That is, until Kakashi runs out of Chakra…

_**TO BE CONTINUED… **_**NEXT CHAPTER: WILL WE MAKE IT?!**

**

* * *

Author's Note:** Short, but I felt like it needed to end here.

**Yami-Vegetto: **At a Cliffhanger! BWAHAHAHAHA!

**Me: **Shut up.

**Yami-Vegetto: **Yeah. It's no big deal about you putting it in a Cliffhanger. No one's gonna be in much suspense anyway. You do update every 15 hours.

**Me: **Right………… whatever. Anyway, it's decided. Naruto's Bloodline shall be called the Kazegan (Wind Eye). It'll be a demonic looking golden eye with a black outline and a white pupil (Like the ones of Haou Judai on my Profile Page) and with the abilities listed in the last chapter. It can only be achieved through intense emotion: rage or despair. Once activated, the user's head will be automatically filled with the name, information, how to use it, etc.


	6. Will We Make It?

**Ninja On Board!**

**Naruto/One Piece Crossover**

**Chapter 6: Will We Make It?!**

**Author's Note****: **All right. My first story is my most popular one, but this one is gonna beat it. My first story: In 25 chapters, it got 9000 hits, and 42 reviews, best yet. This story: In 5 chapters, this story has gotten 2600 hits, and 34 reviews, currently second best and still rising. I LOVE YOU GUYS!

**Disclaimer****:** All right!

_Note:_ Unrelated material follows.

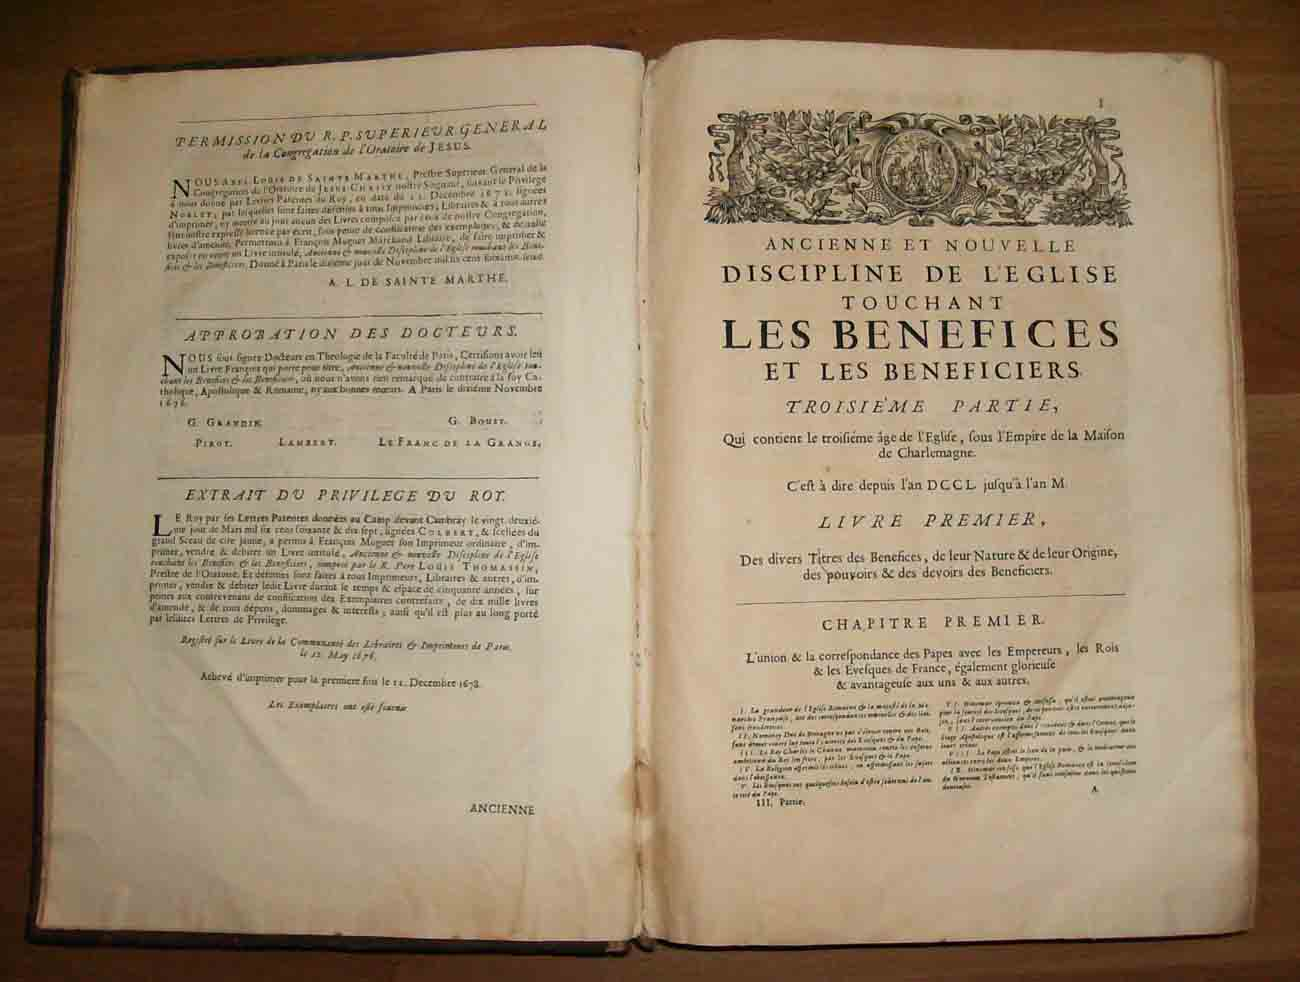 [1679-1682+Ancienne+et+Nouvelle+Discipline+de+L`Englise-Thomassin+100.jpg]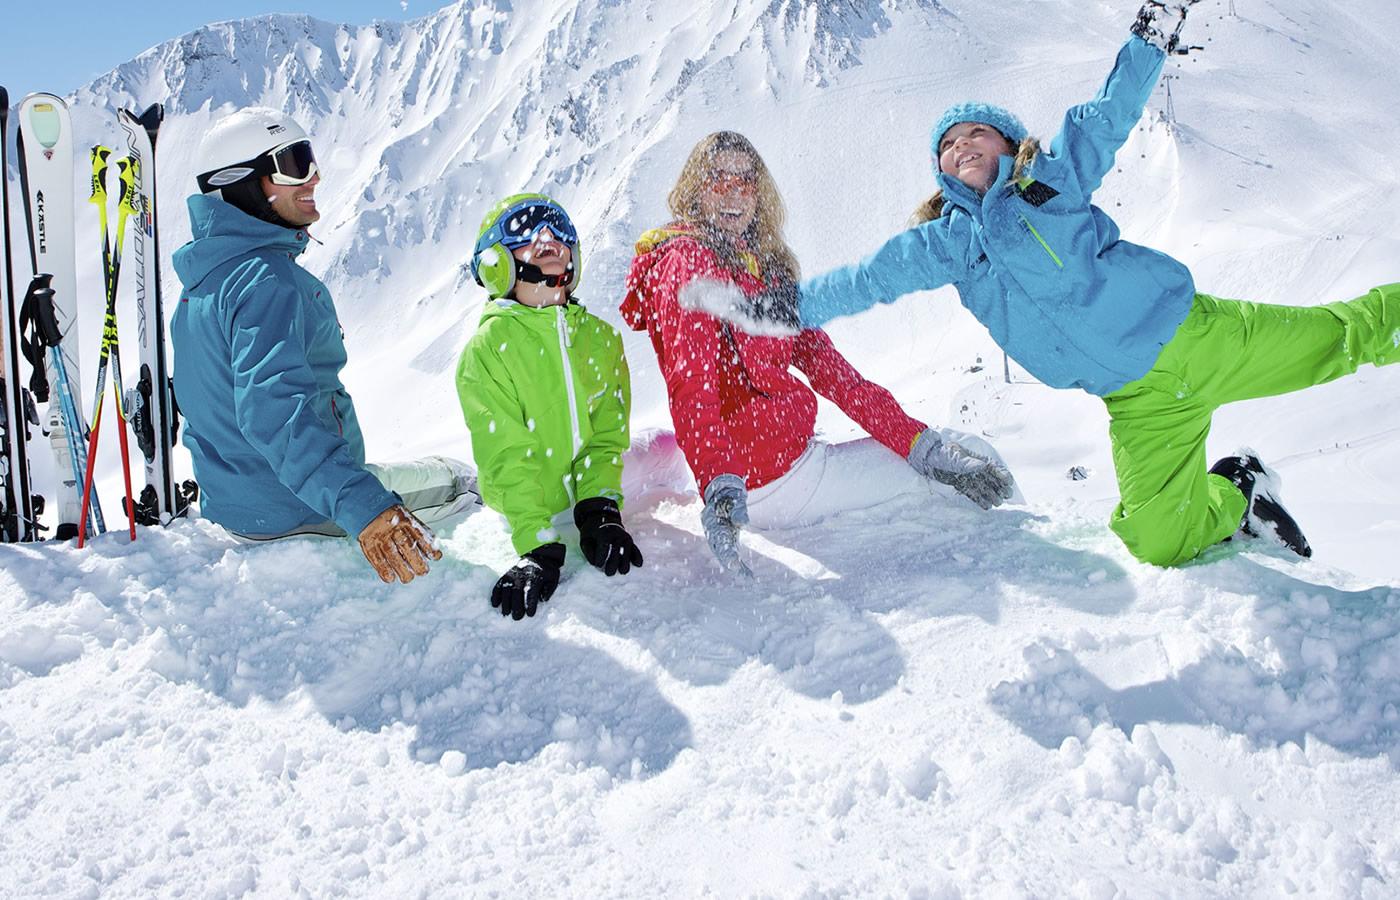 Familienspaß in Serfaus-Fiss-Ladis in Österreich - Winter-Ferien.

It's time I introduced you to my only original Jutsu. Hand Signs: Ox, Monkey, Bird, Hare, Ram: White Shine Nova! (A ball of pure, white Chakra comes out of palms of hands and heads straight towards Dark Half)

**Yami-Vegetto: **Say WHAT?! Err… Darkness Release: Nightshroud Rasengan! (Both attacks collide, and both turn out to be unconscious once again)

**Kakashi: **I just copied Mirai-Vegetto's original technique! Let's see Gai beat me now!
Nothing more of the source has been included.